The story of women in sport is one of the most compelling stories in modern social history. It is a story about what happens when barriers that were assumed to be natural and permanent turn out to be constructed and changeable. It is a story about athletes who competed and excelled in conditions that would have discouraged anyone without genuine passion for their sport. And it is a story that is still being written, with each new record, each new policy change, each new generation of athletes who grow up with more access and more expectation than those who came before them.

The records are real. Florence Griffith-Joyner’s speed. Katie Ledecky’s dominance in the water. Serena Williams’s sustained excellence across decades. Simone Biles’s gymnastics that defied description. PV Sindhu’s back-to-back Olympic medals. Mary Kom’s six World Championship titles. These are not records with an asterisk attached. They are among the greatest performances in the history of their sports by any measure.

The barriers that have been broken are equally real. Women now run marathons and compete in every Olympic sport. They play cricket in front of national broadcast audiences. They earn genuine prize money in tennis. They have social media platforms that allow them to build direct relationships with their audiences without depending on media gatekeepers who historically gave them limited access.

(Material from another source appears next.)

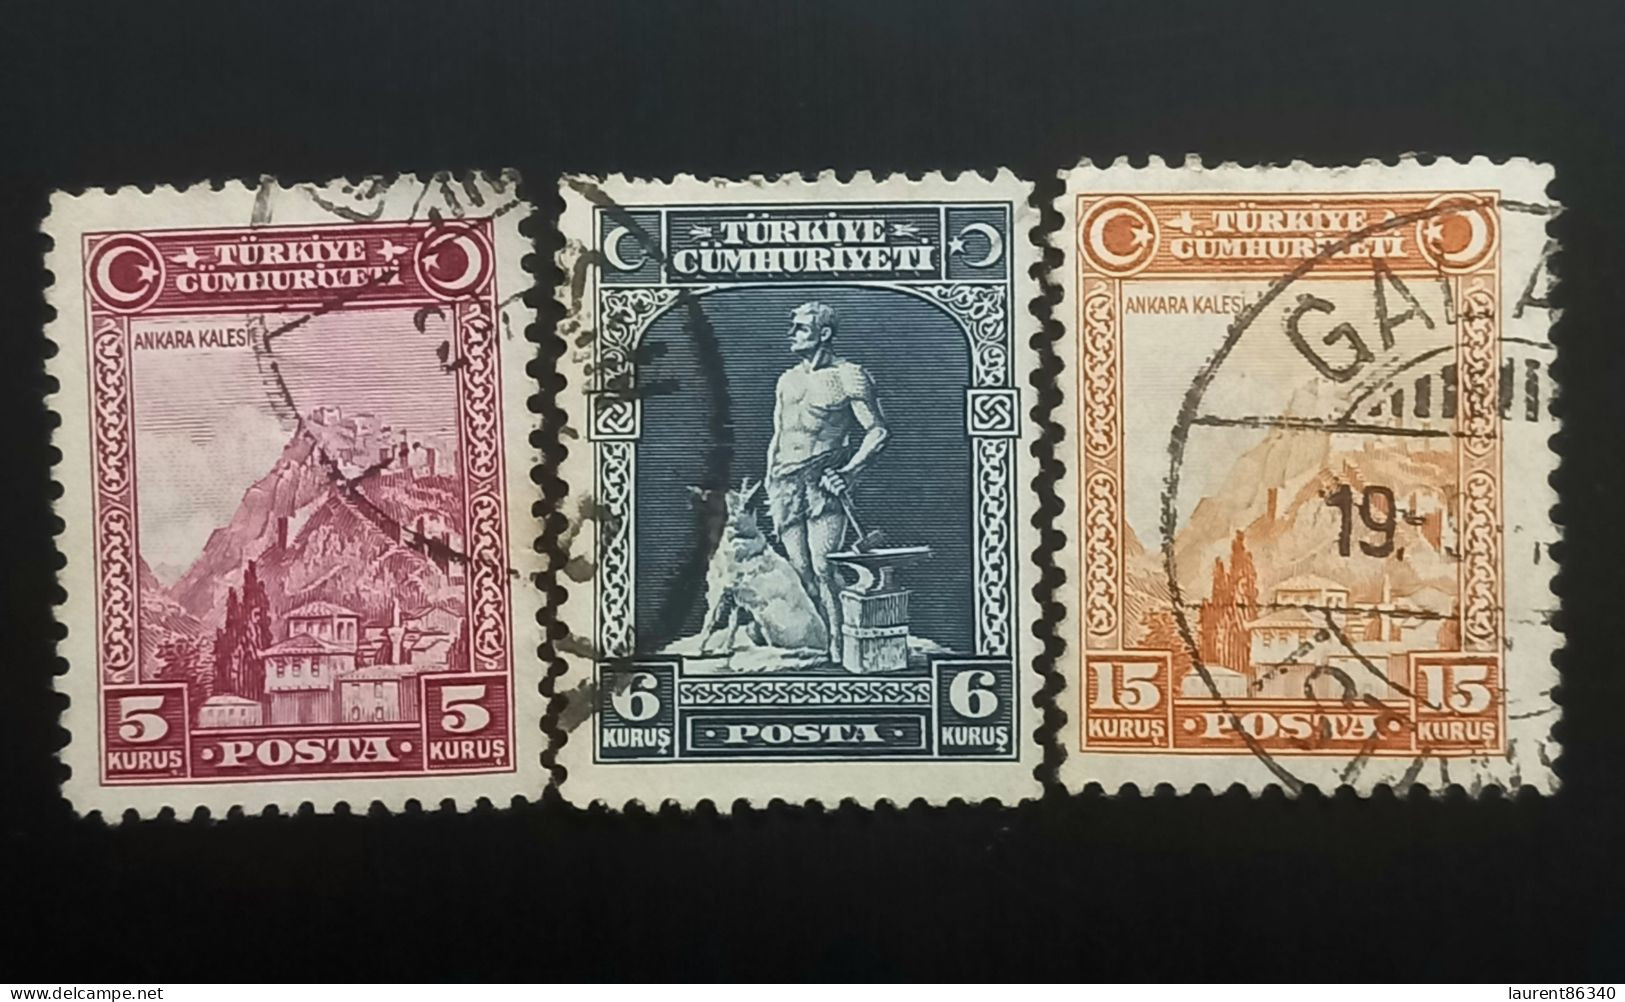 TURQUIE 1930 Inscription "TÜRKIYE CÜMHURIYETI" - "Ü" In "CÜMHURIYETI" 3 Used Stamps - Usati

And the barriers that remain are real too. The pay gap. The leadership gap. The media coverage gap. The safety concerns. The cultural assumptions that persist in commentary and in governance. These do not diminish what has been achieved. They define what the next chapter of the story needs to accomplish.

For anyone who loves sport, the expansion of women’s participation and women’s excellence in sport should be straightforwardly good news. More competition, more records, more great performances, more stories of human excellence to follow and celebrate. The argument that investing in women’s sport diminishes anything is an argument that has consistently failed to hold up to evidence.

Women in sport are breaking records and barriers. They have been doing so for longer than most people realise, against more resistance than most people know, and with results that deserve the full attention and appreciation of everyone who cares about what sport at its best actually looks like.

Pay attention. The best chapters of this story are still being written.